The M matrix allows you to test hypotheses between the different response parameters, which are shown in the default MANOVA report in JMP.

To relate to the example you posed (i.e., items from a survey), I'm using below the sample data table "Online Consumer Data.jmp" to run a relatively simple MANOVA model. Here, our outcomes are 3 items representing responses on a survey about the perceived reputation of an online website, and we just want to test the effect of the "Female" variable. Feel free to run this JSL script to follow along:

```
dt = Open("$SAMPLE_DATA\Online Consumer Data.jmp");
dt << Fit Model(
Y( :Reput_1, :Reput_2, :Reput_3 ),
Effects( :Female ),
Personality( "Manova" ),
Run
);
```

The default report shows the matrix of Parameter Estimates of the model:

You can now use the "Choose Response" dropdown to start testing hypotheses between these response parameters.
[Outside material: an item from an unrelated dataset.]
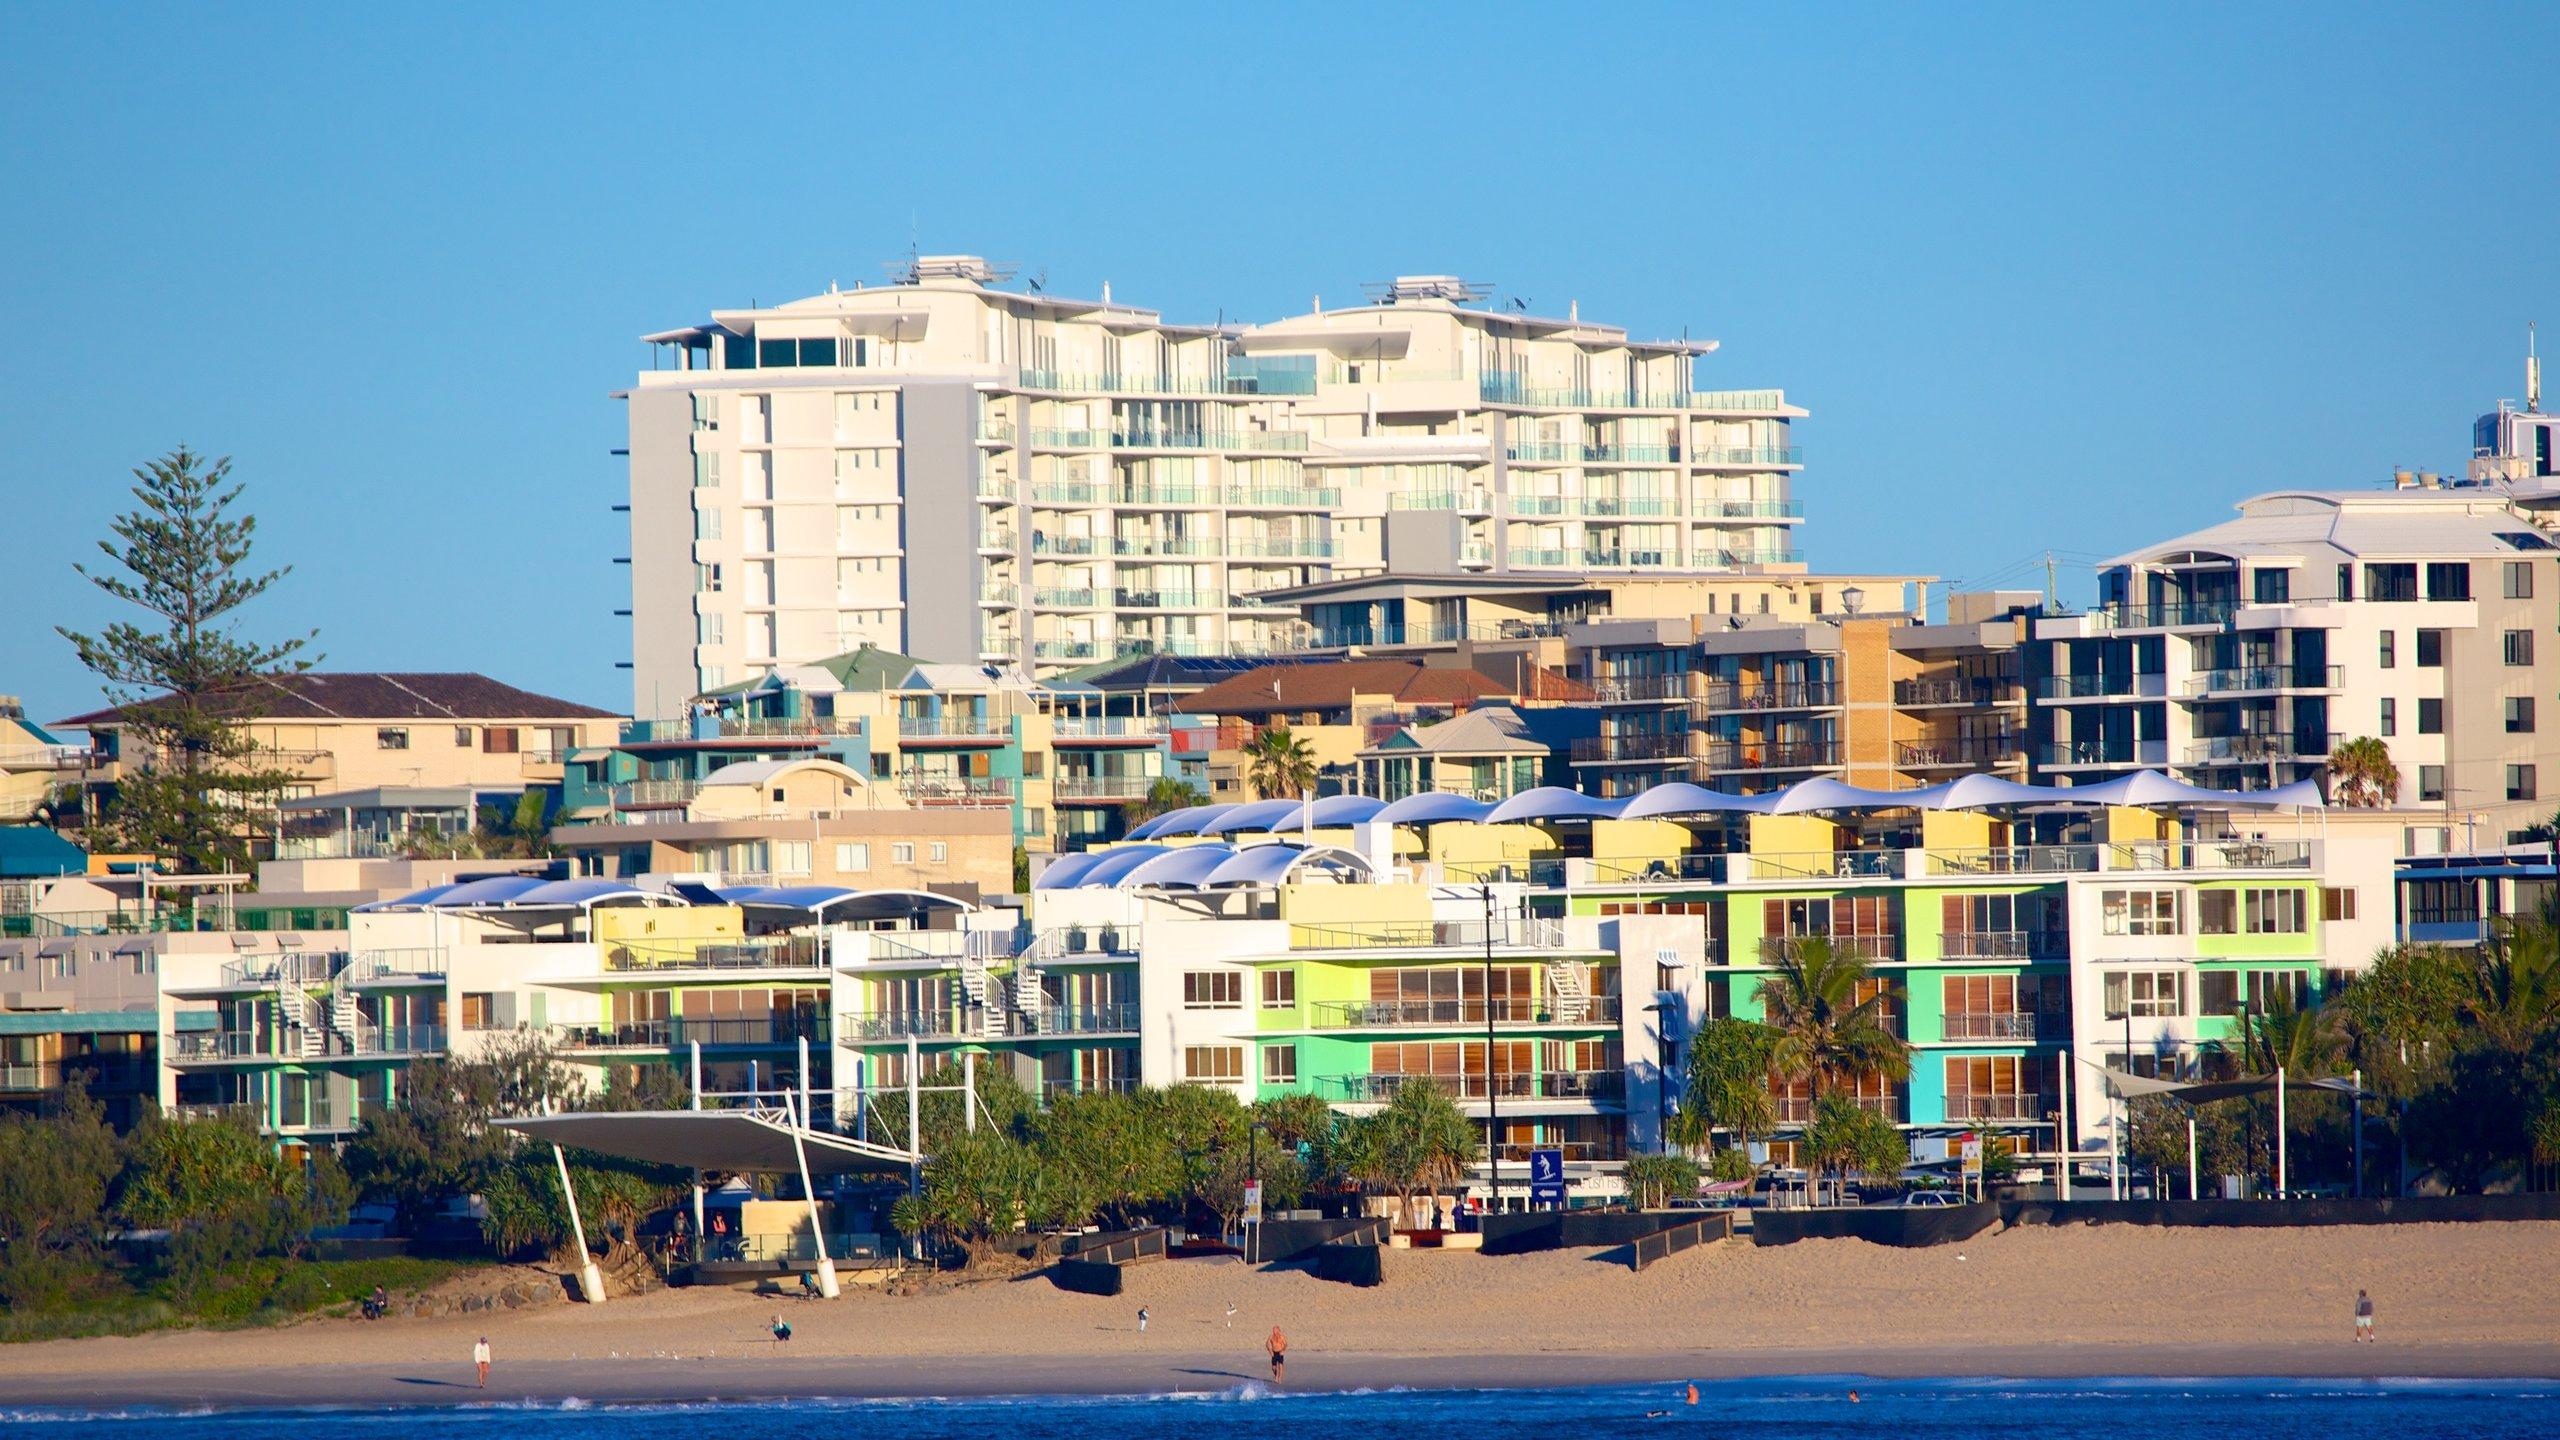 Kings Beach, Sunshine Coast, Queensland, Australia

When M is the identity matrix, we're simply leaving the response columns of this Parameter Estimates' matrix unchanged and we're asking "is there an effect of Female overall in this multivariate system?" The answer is yes:

Notice that opening the "M-transformed Parameter Estimates" outline box will show you the unchanged Parameter Estimates (technically, the M matrix postmultiplies the Parm Est matrix, so that's how you get the transformed estimates). For additional interpretation, we'd say "yes, there's a significant difference between males and females in our responses" and looking over the estimates and/or the Least Squares Means plots can help interpret those results a bit more. But sometimes this isn't enough detail, such that someone might want to know if Female has an effect in a particular *combination* of the columns in the Parm Est matrix. Let's say we want to know if there's an effect in the sum across all our responses. For this, we select "Sum" under the "Choose Response" dropdown, and we can see the answer again is yes, there's a significant effect:

The interpretation here is much easier because Female has 2 levels and the "Sum" option resulted in reducing our Parm Est matrix into just a vector. So we can say "there's a significant difference between males and females when looking at the sum of perceived reputation on our 3 items. The negative Female[0] estimate indicates that males have a lower sum across these responses."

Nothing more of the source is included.